11.2 Principles of Genotyping Technologies

11.2.1 Allele-Specific Hybridization

Hybridization is an intrinsic feature of DNA. Two oligonucleotide fragments can be hybridized into a double-stranded nucleic acid fragment by base pairing under the conditions of suitable ionic strength and an appropriate temperature (Fig. 11.1). This is a reversible process when the temperature rises to a certain extent, the two oligonucleotide strands are denatured into single-stranded nucleic acid fragments. The temperature, at which half of the double-strand DNA denatured, is defined as melting temperature (Tm) of the DNA. The Tm is mainly dependent on the ionic strength of the solution, the concentration of the oligonucleotide, and the sequences of the oligonucleotide. Commonly, one-base mismatched DNA has a lower Tm than the complementary DNA, thus it is difficult to form duplex for the mismatched DNA at Tm of the complementary DNA due to the kinetic instability. Therefore, the single-base difference between alleles in SNPs could be distinguished on a suitable temperature via detecting hybridization behaviors. Many strategies were proposed for monitoring the hybridization behaviors, such as measuring fluorescence signal changes of double-stranded chimeric fluorescent dyes [6] and fluorescent probe hybridization [7]. Accordingly, many technology platforms based on the principle of allele-specific hybridization were developed, such as high resolution melting curve analysis (HRM) [8], SNP array [9], molecular beacon-based SNP detection [10]. The key point of allele-specific hybridization-based technology is how to ensure the high specificity of the detection. Although single-base difference in nucleic acid sequences results in different Tm values, in some cases the difference in Tm values is so small that it is difficult to ensure the specificity of hybridization. Therefore, the detection conditions should be carefully optimized and precisely controlled, and sometimes the additional additives (dimethyl sulfoxide, betaine, formamide, etc.) or special modifications (locked nucleic acid, peptide nucleic acid, etc.) to the probe are required to improve the specificity of hybridization, which increases the complexity of the experimental setup.

Fig. 11.1
figure 1

Hybridization with complementary DNA or mismatched DNA

11.2.2 Endonuclease Digestion

An endonuclease is an enzyme that can cleave the nucleotide chain into two parts. Endonucleases usually recognize certain sequences in the nucleotide chain or some special structure formed by oligonucleotides. The specificity of some endonuclease is high enough to distinguish one-base difference in the recognition sequences or structures, so we can use those endonucleases to develop SNP detection assay. The typical genotyping methods based on endonuclease are Invader assay and restriction fragment length polymorphism (RFLP) technology.

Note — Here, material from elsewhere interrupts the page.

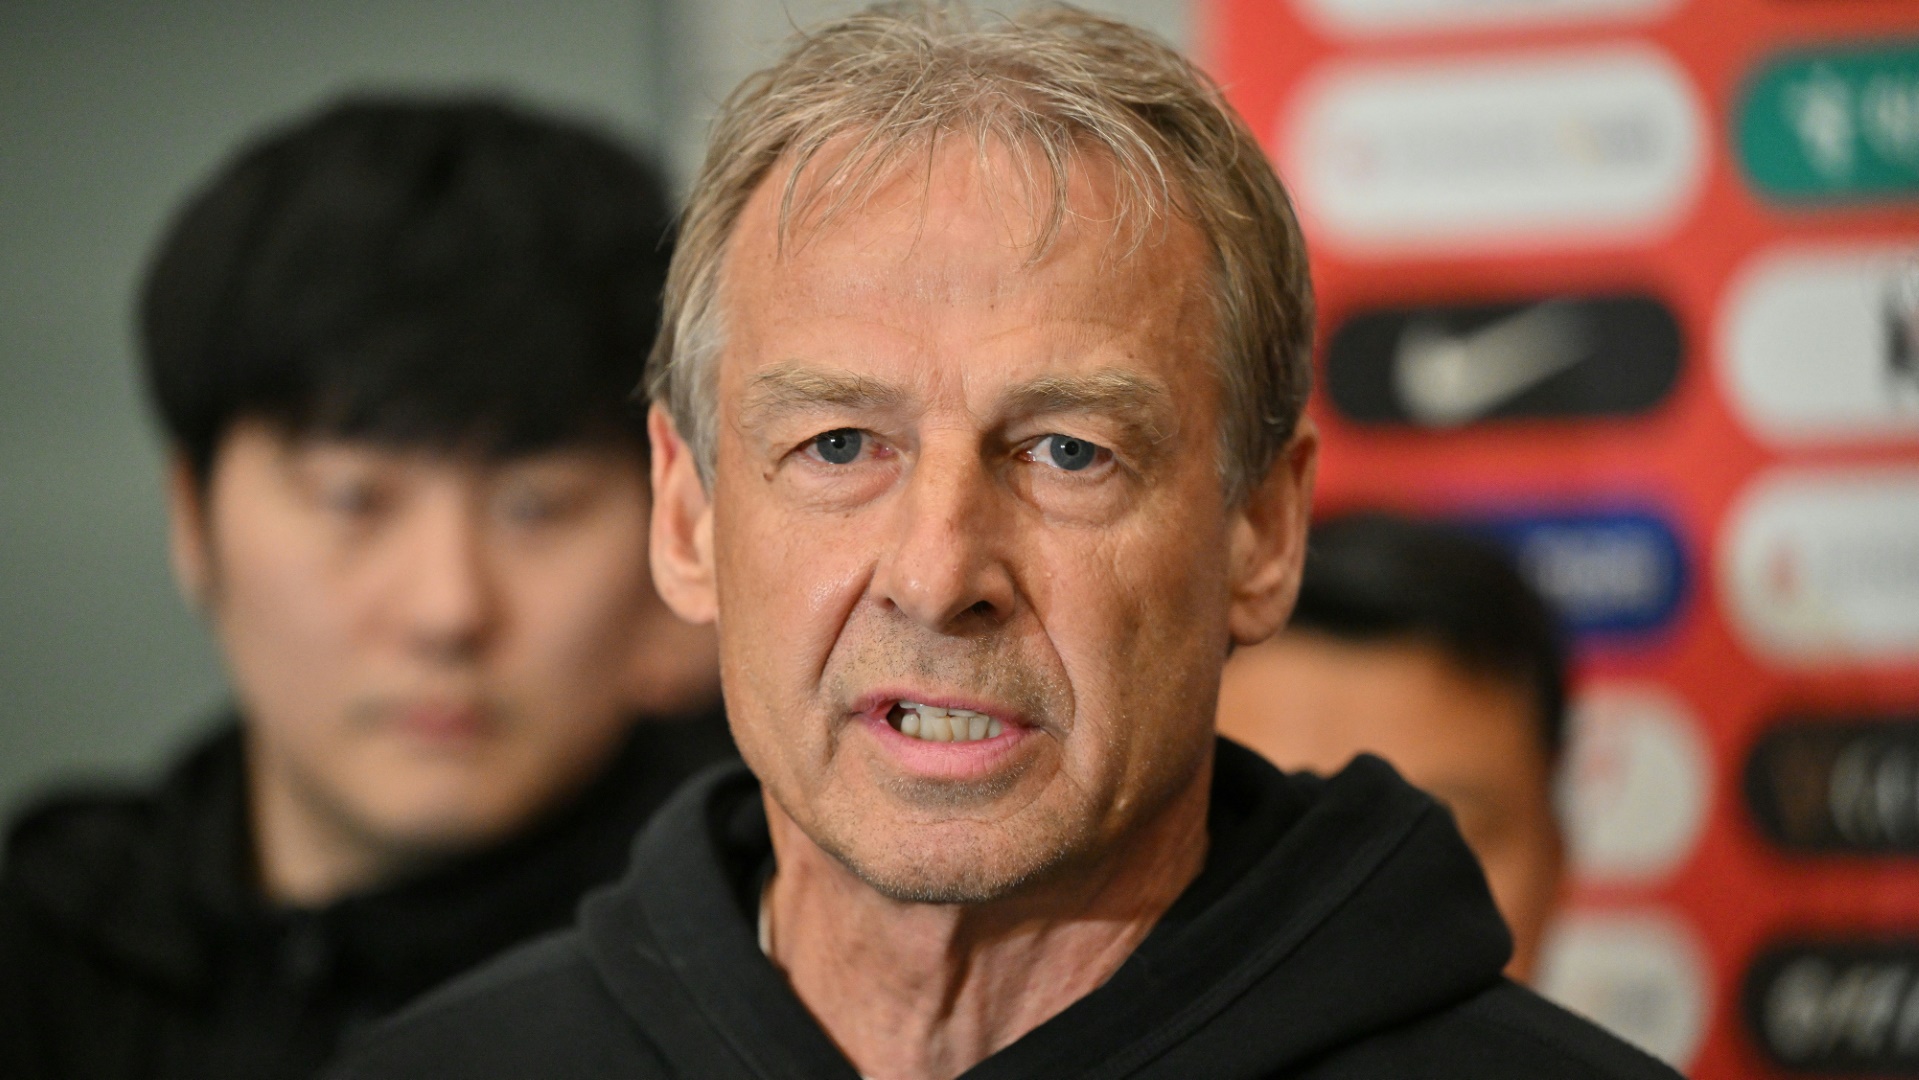 Klinsmann über Bayern: Hoeneß "zieht die Fäden"

Invader assay is depending on flap endonuclease 1 (FEN1) to recognize an invasive structure, which is formed by an upstream probe invading one base into the double-strand region of downstream probe hybridizing to a target DNA (as shown in Fig. 11.2), and cut the 5′-flap fragment from the downstream probe. Because the Tm value of the downstream probes is close to the reaction temperature, the cleaved downstream probe will dissociate from the template and an intact downstream probe will again hybridize with the template to form an invasive structure, triggering a cycle of cleavage. The cleaved flaps can be captured by hairpin fluorescence reporter probe to form invasive structure again, which is recognized by FEN 1, leading to the cleavage of 5′-end of the hairpin probe. The hairpin probe is labeled with a fluorescence reporter molecule and a fluorescence quenching group at the 5′ area. After cleavage, the fluorescent group on the hairpin probe is separated from the quenching group, generating fluorescence signal. Since the Tm value of flap is designed to be close to the reaction temperature, each flap fragment can be dynamically hybridized with many hairpin probes to form the invasive structure, resulting in gradually enhanced fluorescence signals. The specificity of Invader assay is high enough to identify single-base difference in target DNA especially when the different base is the invaded base in the invasive structure.

Fig. 11.2
figure 2

The principle of the Invader assay

Invader assay was successfully used to detect many single nucleotide polymorphisms (SNPs) [11,12,13], such as factor V G1691A mutation (rs6025) associated with deep venous embolism [14]. In order to achieve quantitative detection, an invasive reaction-based real-time PCR was proposed by employing Invader assay to identify the PCR amplicons and produce fluorescence signals at each annealing step in PCR cycles [15, 16]. Beneficial from the high specificity of Invader assay, the invasive reaction-based real-time PCR is capable to quantitatively detect 0.1% somatic mutations [15] and 0.05% methylated gene fragment [17].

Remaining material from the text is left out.